My most contentious suggestion for the problems with comic books about women/POC/LGBTQ is the direct market itself. Marvel (and, again, DC) bases its publishing around the direct market, without seemingly taking into account the digital sales, collected editions or the general book market. Doing this focuses on a small audience of die-hards, the ‘Wednesday Warriors’ who buy the books as they come out, an audience that seems to be reluctant to broaden its horizons out of the narrow field of ‘legacy’ heroes, i.e. white men created over 50 years ago (with a few exceptions, such as Wolverine, the Punisher, Deadpool).

The audience for comic books about something other than this slim definition has not been conditioned to buy comic books in the same way; you could say that the majority of people who might want to buy comic books don’t want to go to a comic book shop every week to pay over the odds for 20 pages of entertainment that can be consumed in 10–15 minutes. However, Marvel continues to make decisions on which books should continue based on a single market, a market conditioned to want the same thing over and over, and which can’t or won’t handle anything new (sending rape/death threats to creators on social media based on what happens to a comic book character indicates a problematic and fixed mindset). I don’t want to say the direct market is misogynist and racist, but I worry that a lot of the readers of superhero comic books seem to have missed out on the bits in the those comic books about tolerance, standing up for the oppressed, defending the weak and doing the right thing.

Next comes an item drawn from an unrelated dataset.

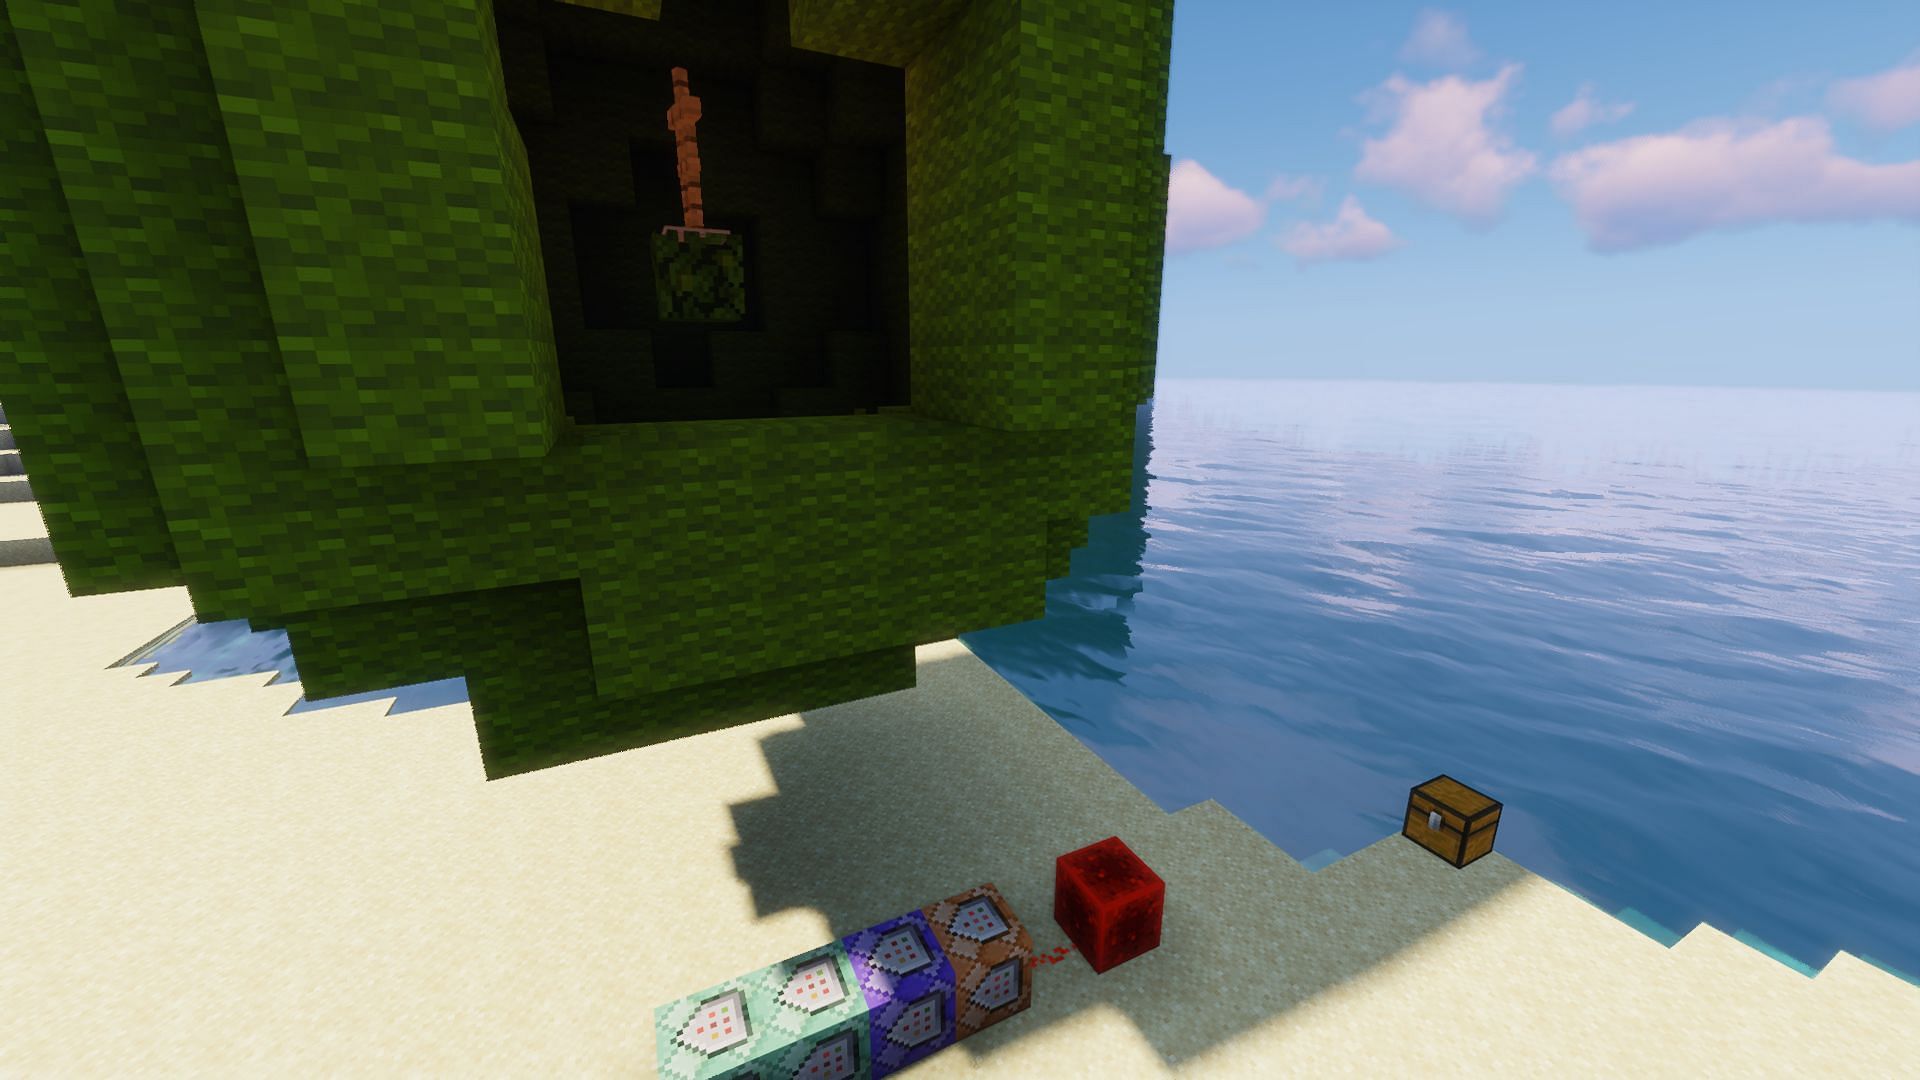 The command blocks being powered, rebuilding the sphere where it was broken (Image via Minecraft)

Obviously, I don’t have the answers to the question in the title of this blog post; writing this was an attempt to think about it out loud. I’m not part of the solution because I don’t buy the comic books that need buying, but that doesn’t mean I can’t be part of the conversation. To sum up my position: comic books about and by women, people of colour and LGBTQ people are a good thing, for the audience and the medium. The books I’ve read have been entertaining and broadened my horizons. The future of the medium is dependent on the infusion of new blood, both the people who make them and the people who read them, and comic books will stagnate if they are just about white males and created by white males.

This Post Has 2 Comments

  1. Az

    Have you watched the Youtube channels like ComicArtistPro Secrets and Diversity & Comics?

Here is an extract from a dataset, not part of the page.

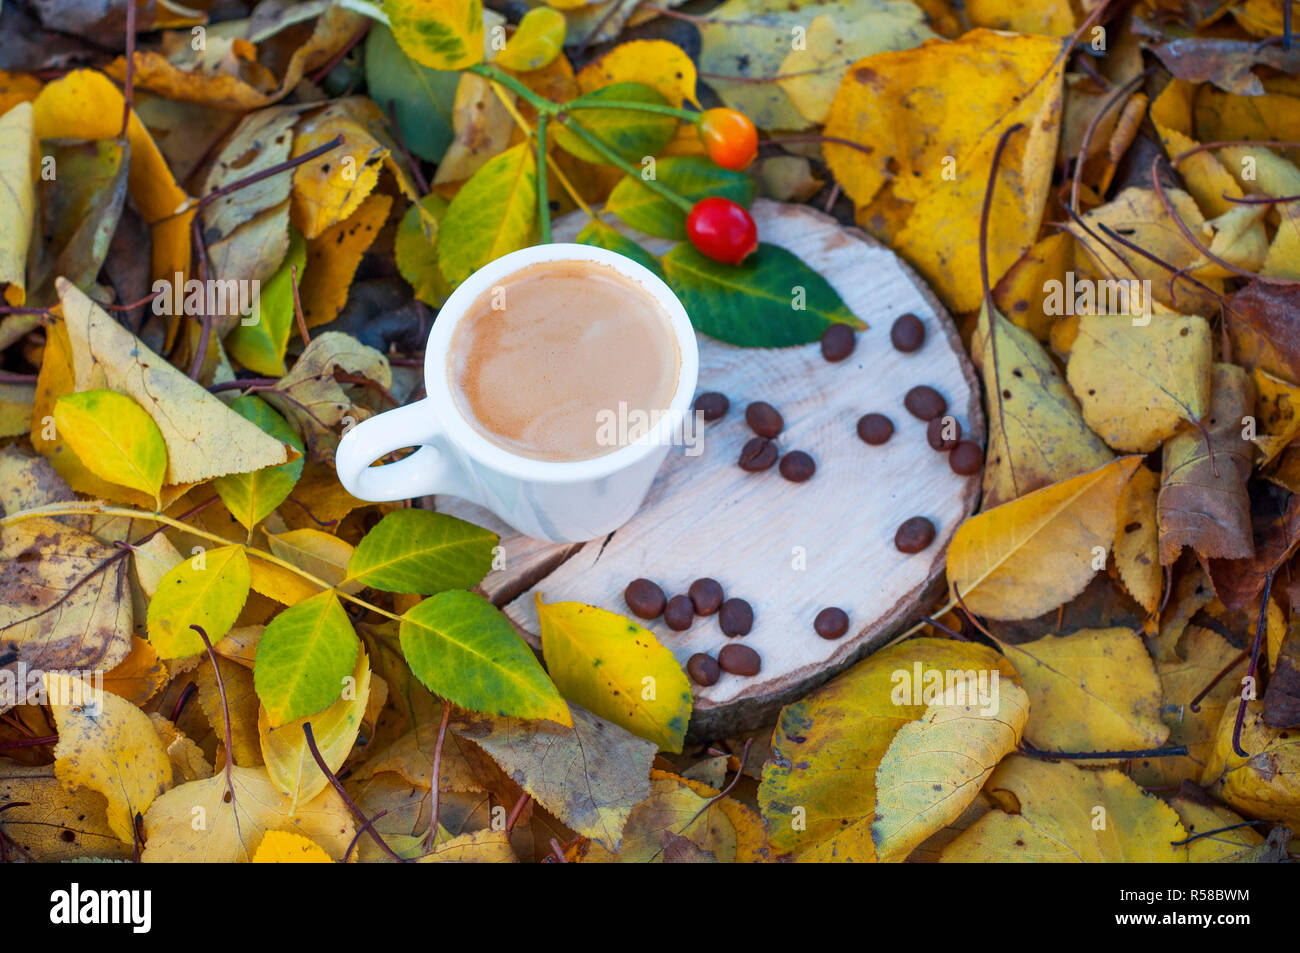 Espresso coffee in a white cup on a wooden stump Stock Photo

    I think the general consensus is that people don’t mind diversity, as long as it’s not shoved in their faces (whilst story takes a back seat).

    It’s like that Far Eastern woman from Star Wars (Tran). Yes, she was a minority, but her character was so awful (together with the film) that her appearance seemed to mostly pander to the notion of “minority representation” (ie diversity) than to actually enhance the script.

    Nobody cares about diversity, as long as the characters are well written. Unfortunately however, most of them are not.

    1. David Norman

      I haven’t watched those channels; I’ll give them a look.

      I enjoyed Star Wars: The Last Jedi and thought Tran was a good character. I think people care about diversity, or there wouldn’t be such a big deal made about it when it happens. It’s a complex problem.